18.Section 19 of the [Oaths and Statutory Declarations Act](/akn/ke/act/1926/29) is concerned with the reception and admissibility of evidence of a child of tender years. The section starts by declaring that where the child does not, in the opinion of the court understand the nature of an oath, his evidence may nonetheless be received though not given upon oath, but that evidence shall only be received if, again in the opinion of the court the child is possessed of sufficient intelligence to justify the reception of the evidence and also if, the child understands the duty of speaking the truth.
19.The question of who is a child of tender years for purposes of evidence was settled by the Court of Appeal. In the case of Maripett Loonkomok v Republic [2016] eKLR, the Court of Appeal held as follows:“The question therefore is, who is a child of tender years? The [Sexual Offences Act](/akn/ke/act/2006/3) and the [Oaths and Statutory Declarations Act](/akn/ke/act/1926/29) are silent on this question. However way back in 1959 in the celebrated case of Kibageny Arap Kolil v R (1959) EA 82 the Court of Appeal for Eastern Africa held that the phrase “a child of tender years” meant a child under the age of 14 years. The only statutory definition of a “child of tender years” is section 2 of the [Children Act](/akn/ke/act/2001/8) where it is defined to mean a child under the age of 10 years. This Court has recently in Patrick Kathurima v R,Criminal Appeal No.137 of 2014 and in Samuel Warui Karimi v R Criminal Appeal No.16 of 2014 stated categorically that the definition in the [Children Act](/akn/ke/act/2001/8) is not of general application; that it was only intended for the protection of children from criminal responsibility and not as a test of competency to testify. It follows therefore that the time-honoured 14 years remains the correct threshold for voir dire examination."

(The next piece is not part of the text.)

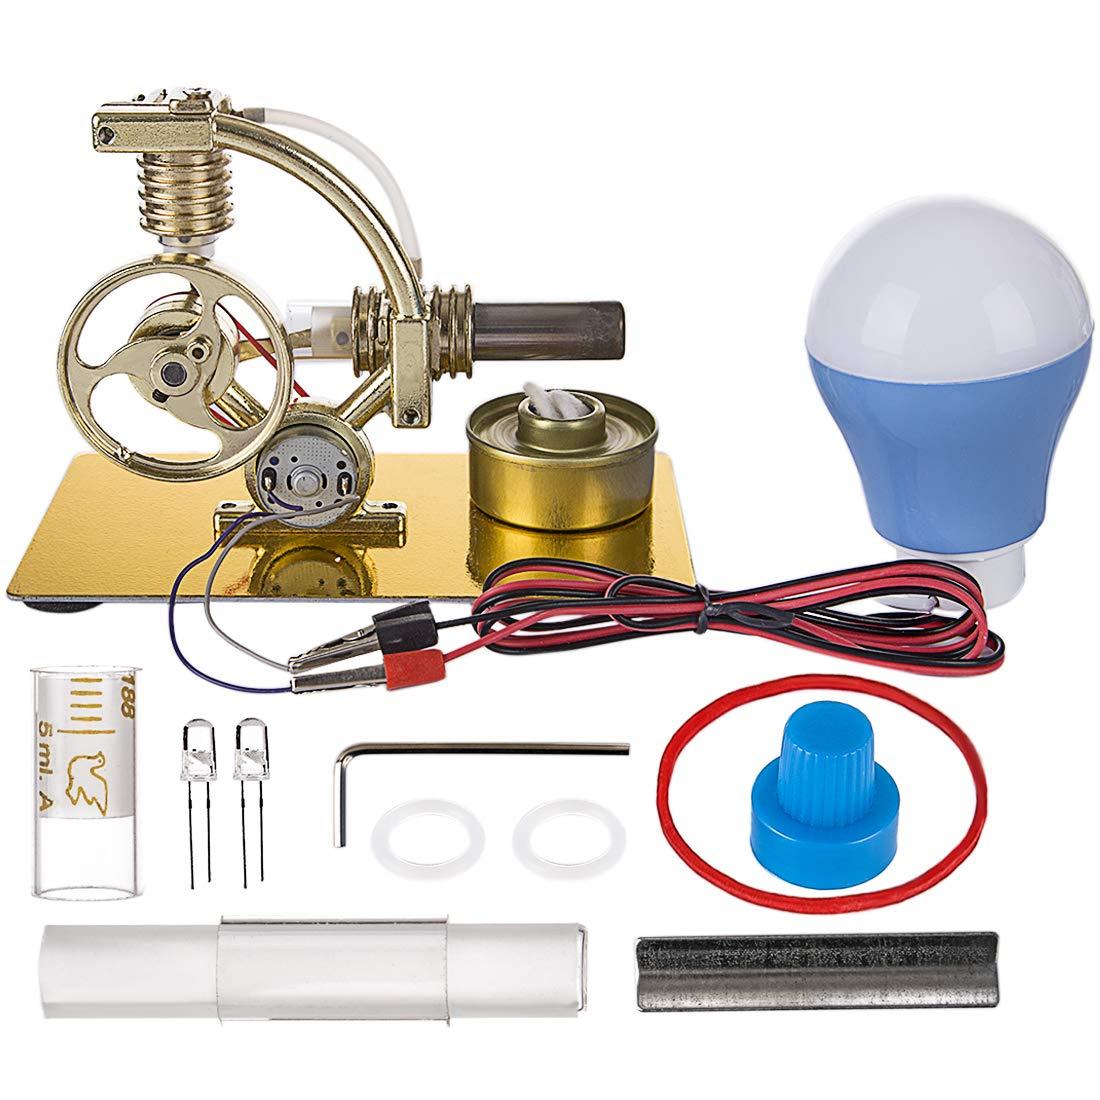 Yamix Stirling Engine Kit, L-Shape Single Cylinder Hot Air Stirling Engine Model with All-Metal Base and Big Bulb (Bulb Color Random)

20.The complainant herein gave unsworn testimony. The record indicates that no voire dire examination was conducted. The trial court (as it then was) made the opinion that the complainant was too young to understand an oath, without subjecting her to any examination. No examination was done for the court to satisfy itself that the child was possessed of sufficient intelligence to justify the reception of the evidence and also, if the child understood the duty of speaking the truth. In the authority of Fransisio Matovu v Republic [1961] E.A 260, it was held, inter alia that:“(I) the trial magistrate should question the child to ascertain whether the child understands the oath and;(2)If the court does not allow it and not to be sworn, it should record whether or not in the opinion of the court the child is possessed of sufficient intelligence to justify the reception of evidence and understands the duty of speaking the truth.”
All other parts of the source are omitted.